La softbox trop petite est l’erreur la plus fréquente en éclairage de studio, et c’est aussi la plus coûteuse : on ne la corrige pas au montage. Ce guide explique la règle physique qui décide de tout, donne des tailles concrètes par usage, et dit franchement à partir de quel moment la taille cesse d’apporter quoi que ce soit.
La seule règle qui compte : la taille apparente
La douceur d’une lumière ne dépend pas de la puissance de la source, ni de son prix, ni de la marque du tissu diffusant.
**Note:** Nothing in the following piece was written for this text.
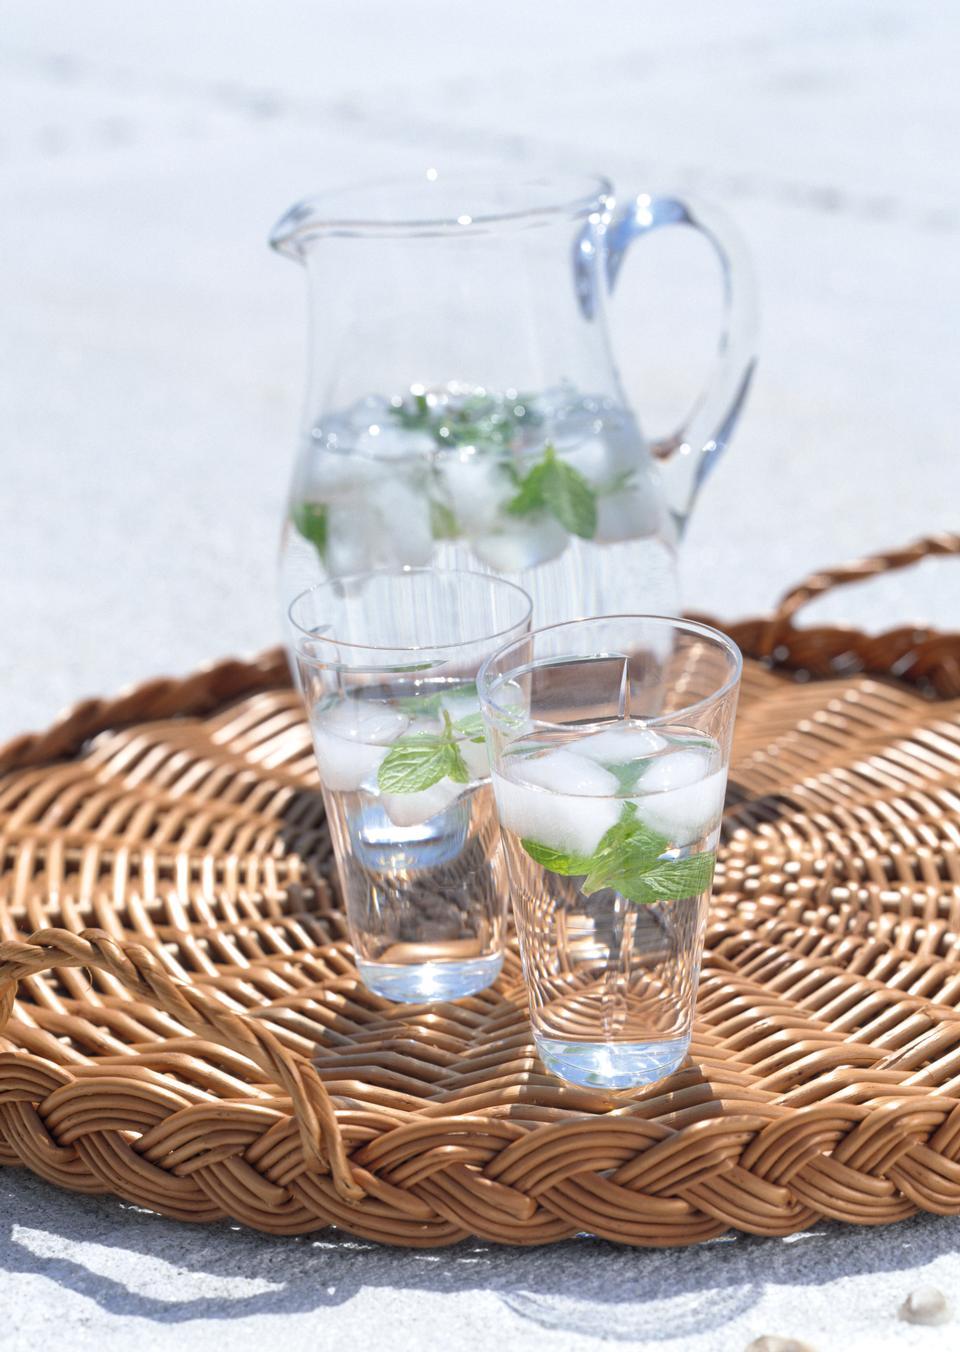 水と新鮮なハーブのガラス

Elle dépend d’une seule chose : la taille de la source vue depuis le sujet.
Le soleil mesure 1,4 million de kilomètres de diamètre et produit pourtant les ombres les plus dures qu’on connaisse — parce qu’il est à 150 millions de kilomètres. Un ciel couvert, lui, produit une lumière parfaitement douce : le nuage a transformé le point lumineux en une source large comme tout le ciel.
En studio, c’est exactement la même mécanique. Une boîte à lumière de 65 cm placée à 60 cm d’un visage est une grande source : elle enveloppe, les ombres ont des bords progressifs, la peau est flattée. La même boîte à trois mètres redevient un point : les ombres redeviennent franches, le nez marque, la lumière durcit.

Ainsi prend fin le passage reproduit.